Литмир - Электронная Библиотека
Содержание  
A
A

VIII. Начало моей школы

С наступлением зимы и удлинением ночей нас запирали на замок все раньше и раньше. Да я, признаться, и радовался этому. Только тогда, когда проходила наконец вечерняя поверка со всеми ее страхами, окриками, громом и блеском, когда щелкал замок за удалявшейся свитой Лучезарова, только тогда вздыхал я полной грудью и чувствовал, что до следующего утра никто не покусится на мою свободу, никто не ворвется в мою душу, что на целые полусутки я застрахован от всякой новой обиды и поругания. Много было отвратительных сторон в этом долговременном пребывании под замком, но для меня существовали более страшные вещи, чем спертый, удушливый воздух и близкое общение с отбросами человечества. Впрочем, постараюсь дать читателю некоторое представление и о той атмосфере, которою приходилось дышать. Камера, по первоначальному расчету, была устроена на шестнадцать человек (число это значилось и на дощечке, прибитой к дверям); но, как я говорил уже, партия пришла большая, и в каждой камере было по двадцать и даже по двадцать два человека. Пятерым в нашем номере не хватило места на нарах, и они принуждены были спать на полу (на пол сгоняли обыкновенно татар и сартов). Оконная форточка в камере имелась, но так как русскому человеку принадлежит знаменитое в науке открытие, что пар костей не ломит, то открывали ее чрезвычайно редко и неохотно. Ее, наверное, и никогда бы не открывали, если бы не моя настойчивость; однако и я стеснялся слишком злоупотреблять своим влиянием, встречая порой косые и прямо враждебные взгляды старичков вроде Гандорина.

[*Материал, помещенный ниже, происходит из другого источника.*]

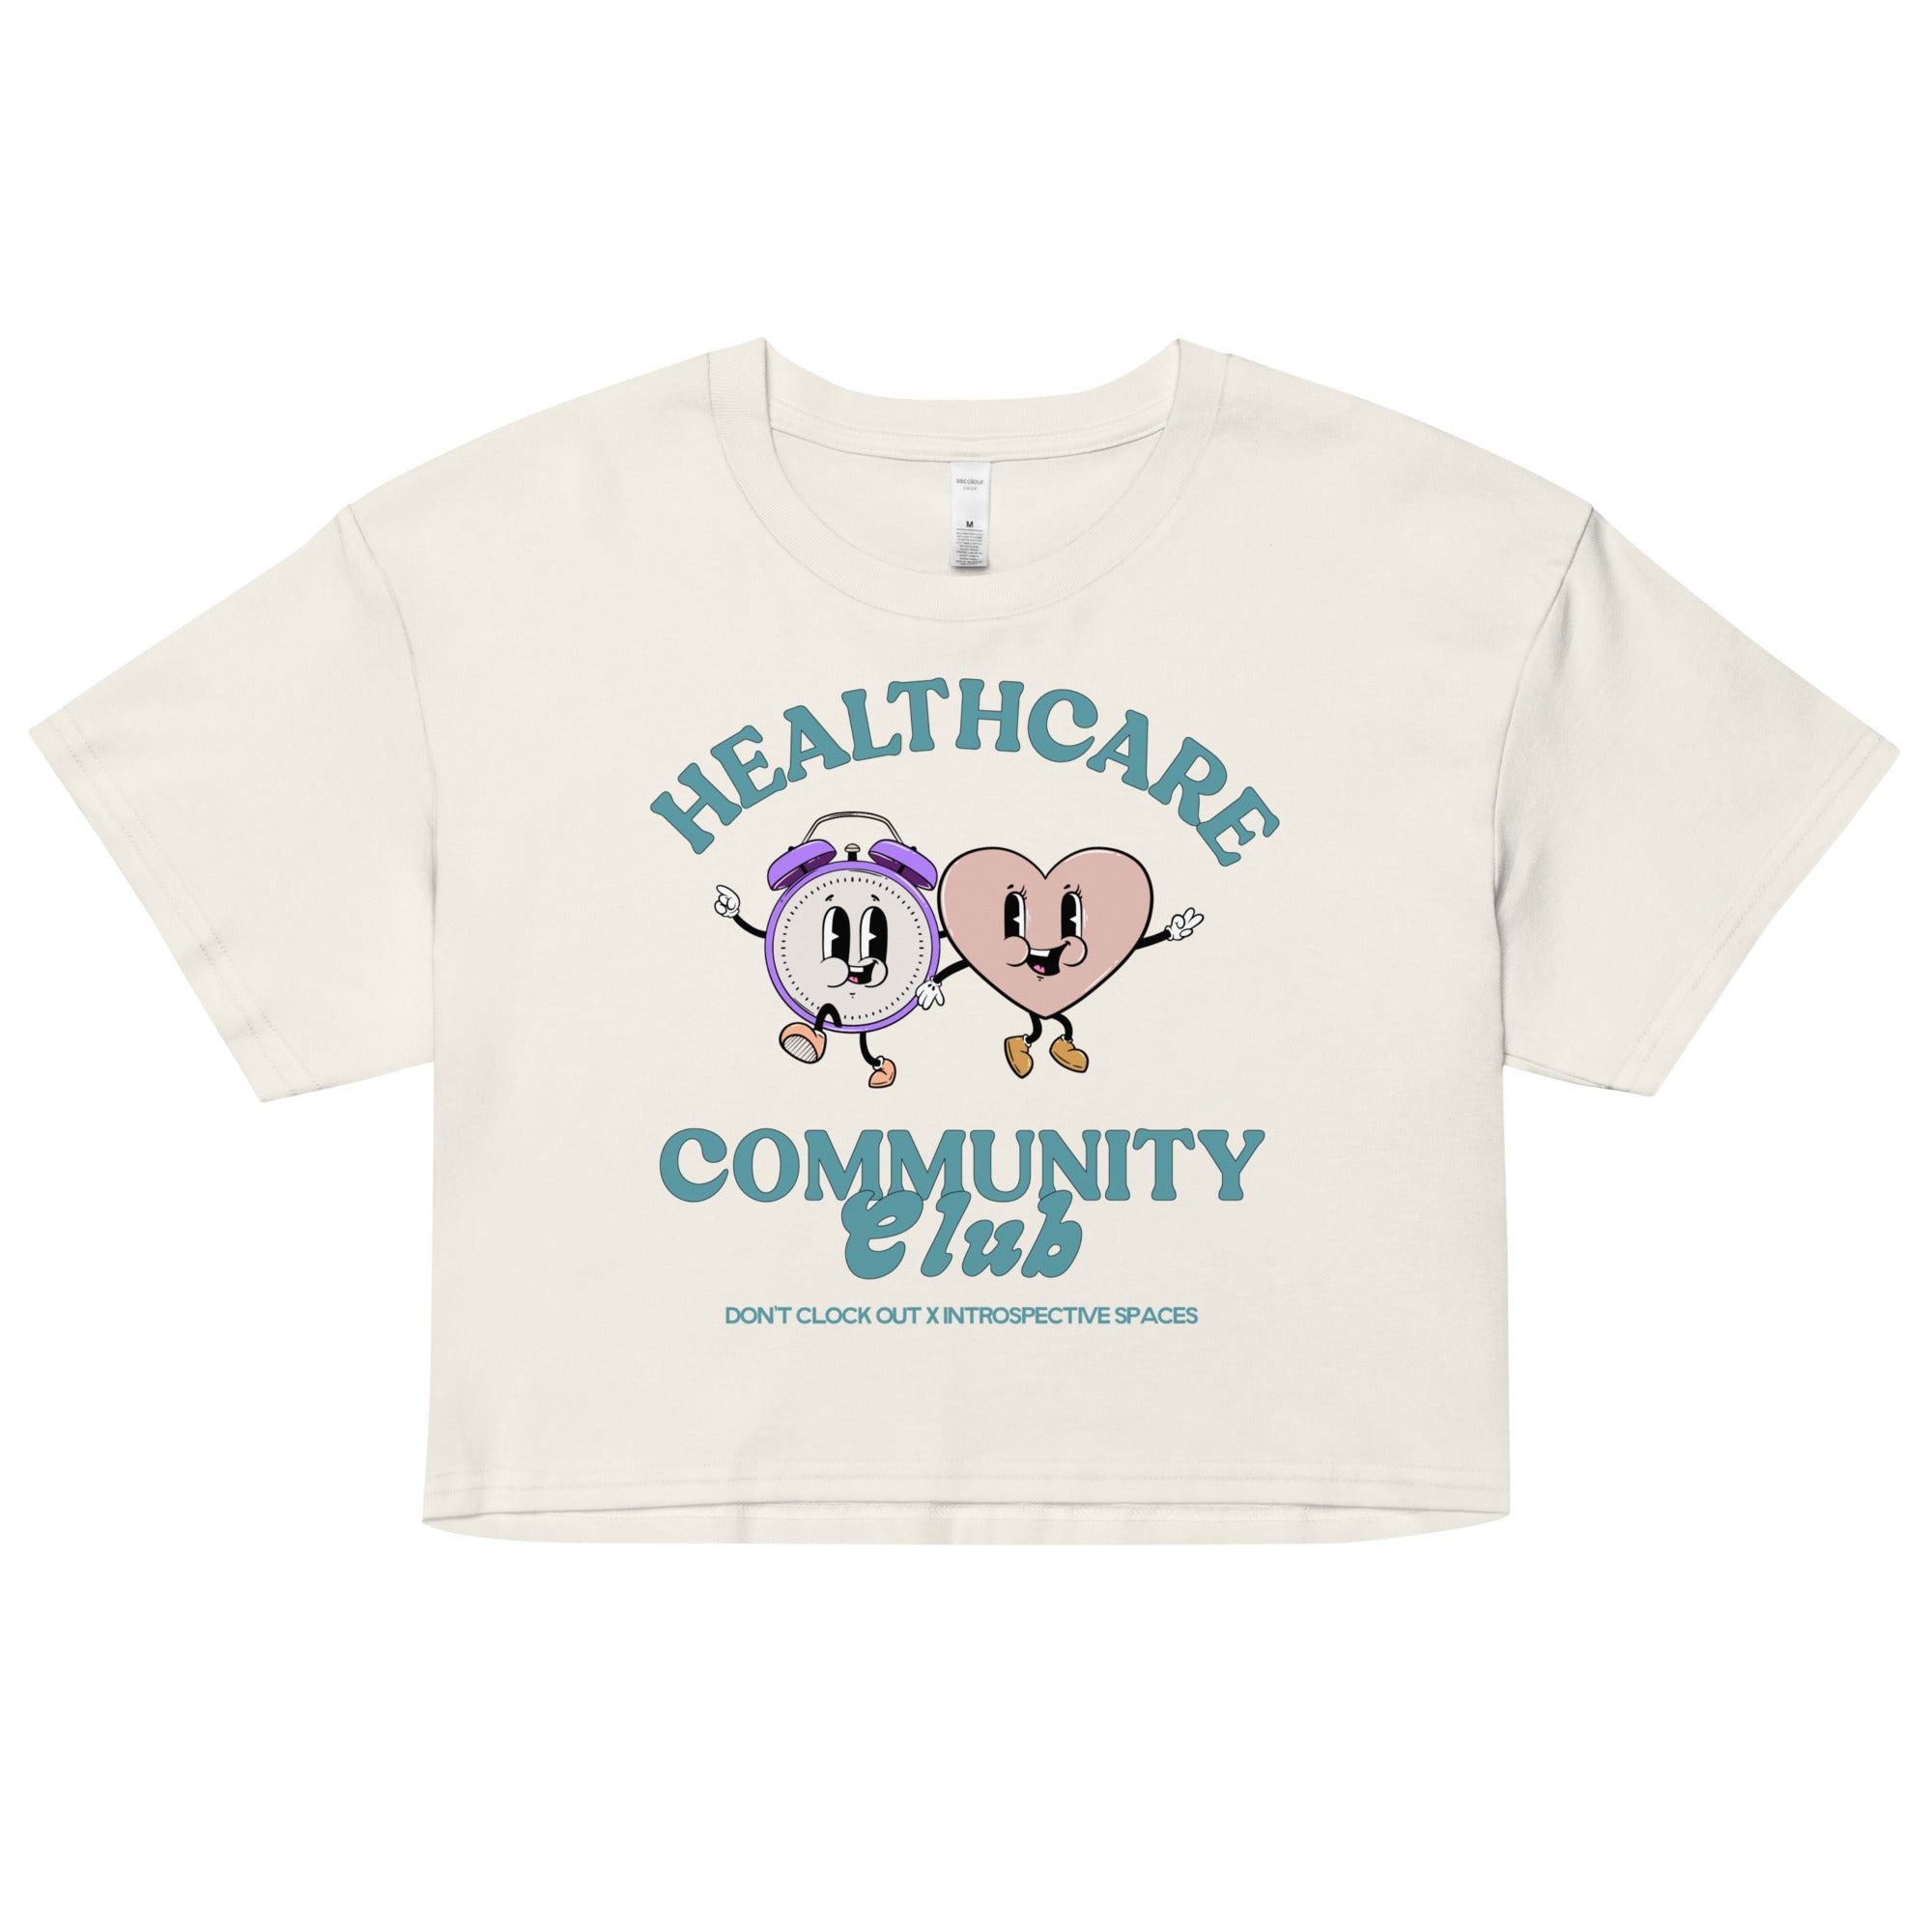 Healthcare Community Club Crop
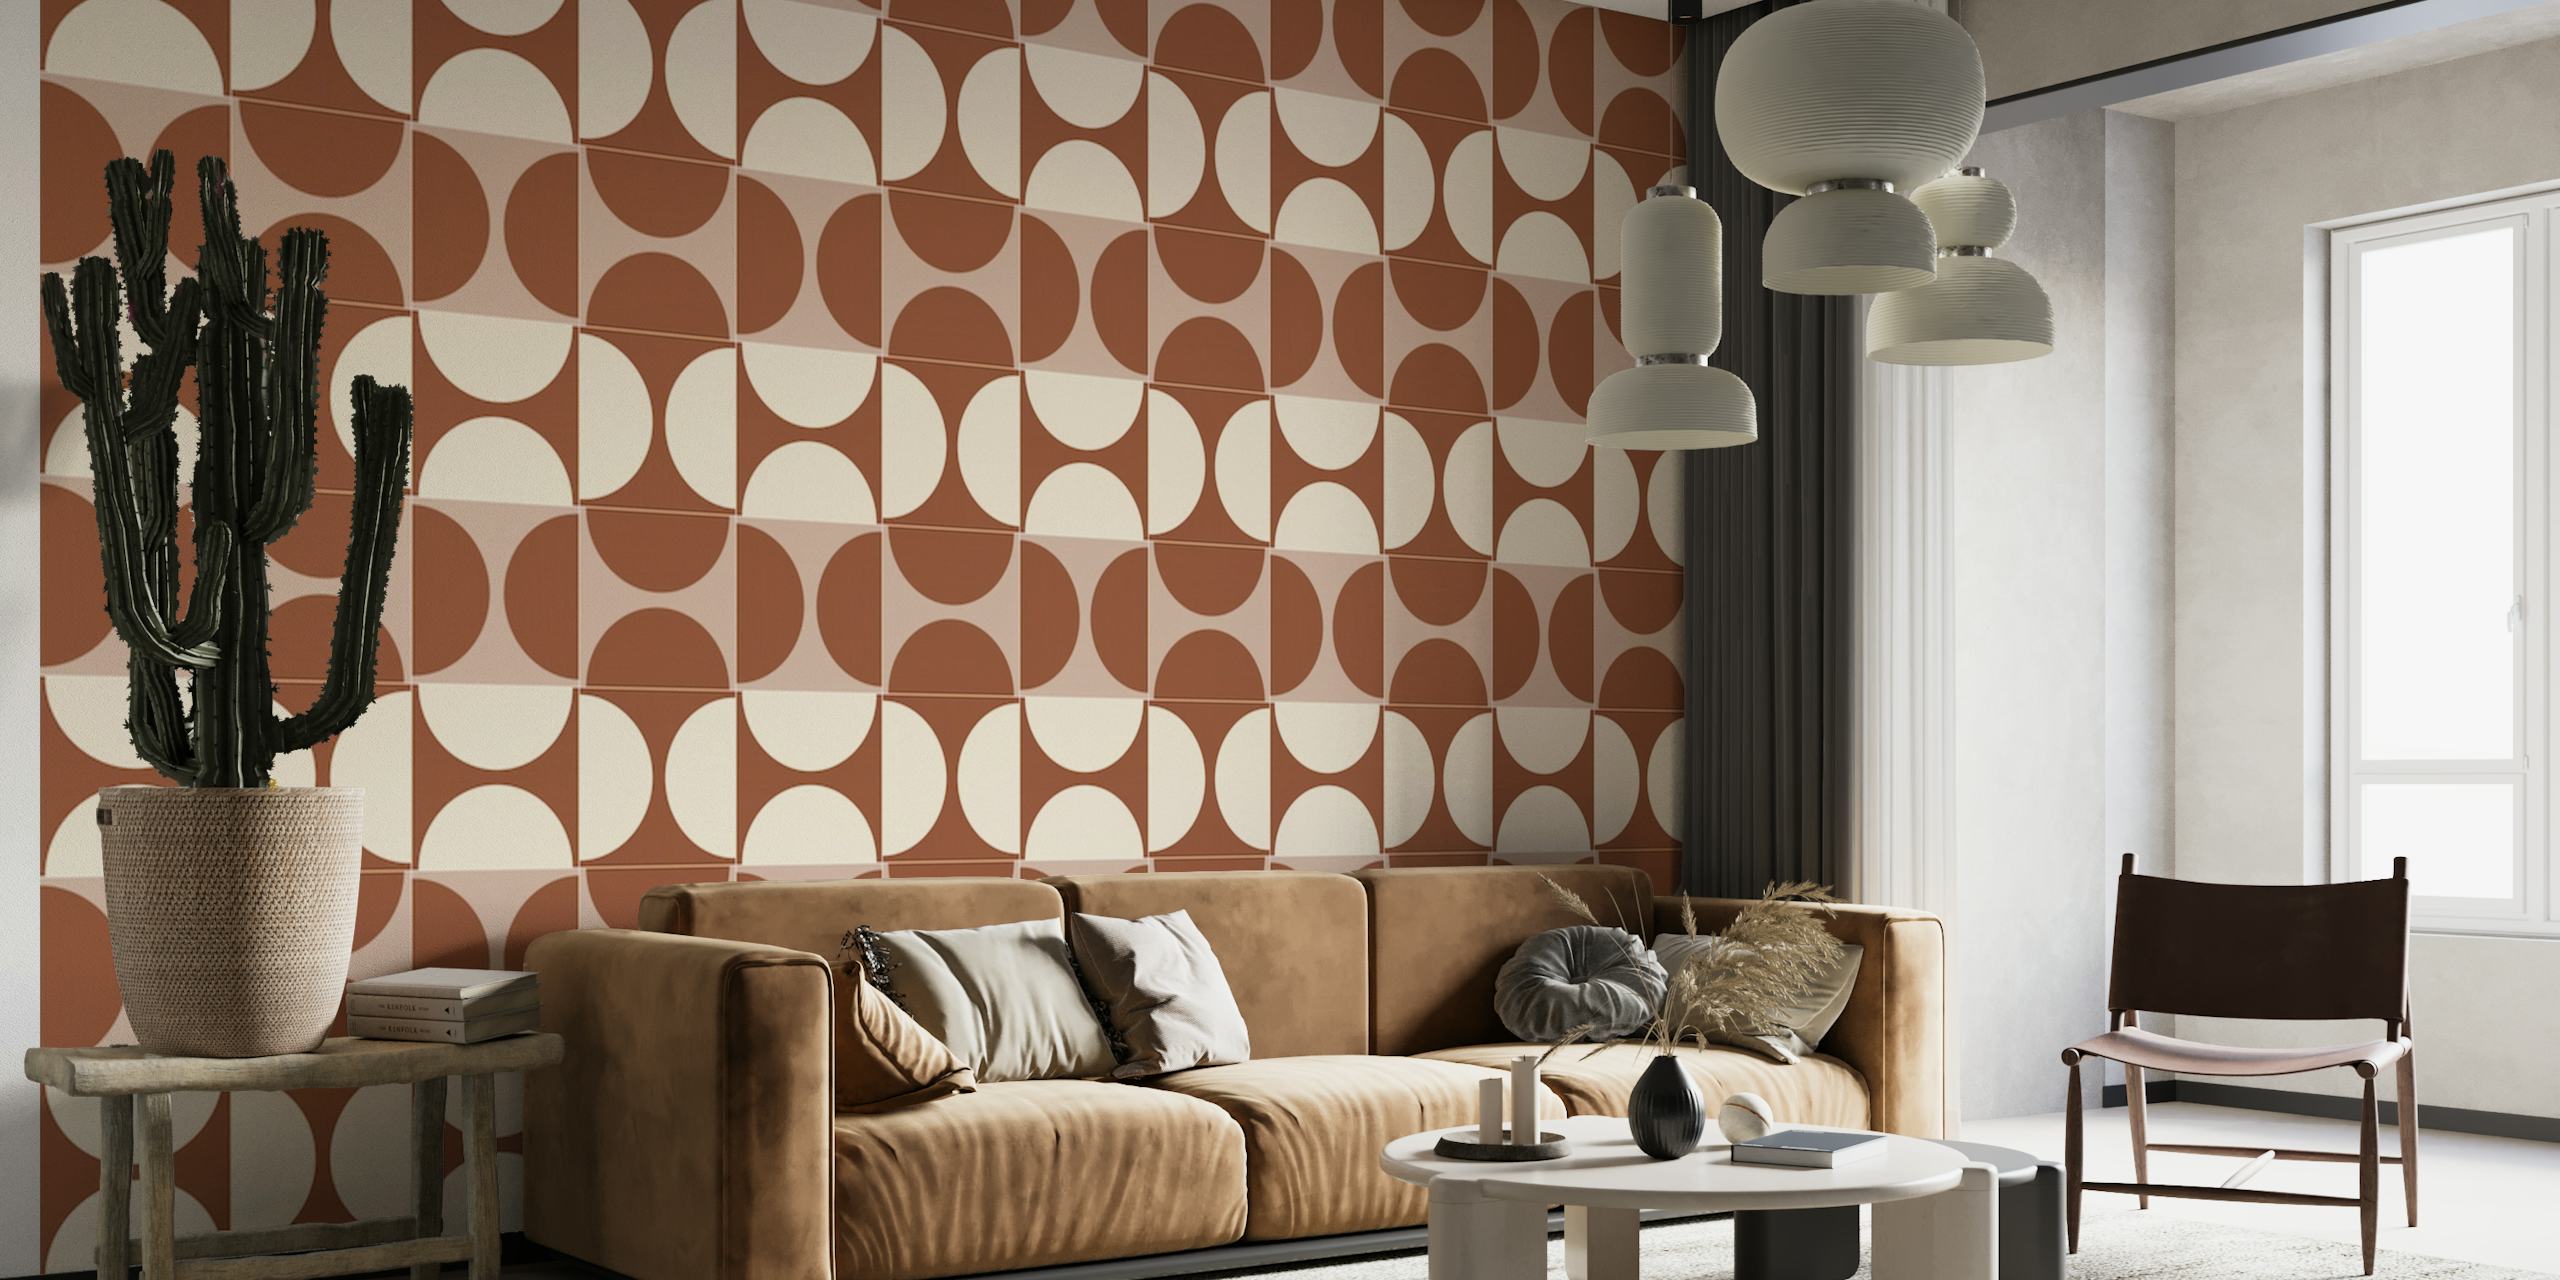 Cotto Tiles Cinnamon and Cream Lines mønster til vægmaleri

Этот достопочтенный и благочестивый старец, с своей стороны, мало стеснялся: ровно через две минуты он, как кот, осторожно подкрадывался к отворенной мною форточке и с постным, умиленным выражением лица, на правах старосты, потихоньку захлопывал ее; а чтоб не обидеть, с другой стороны, меня и дать какое-нибудь удовлетворение, приотворял ненадолго посторонку и, держа в зубах трубку, шамкал в мою сторону:

«Она тоже выносит… Еще способнее».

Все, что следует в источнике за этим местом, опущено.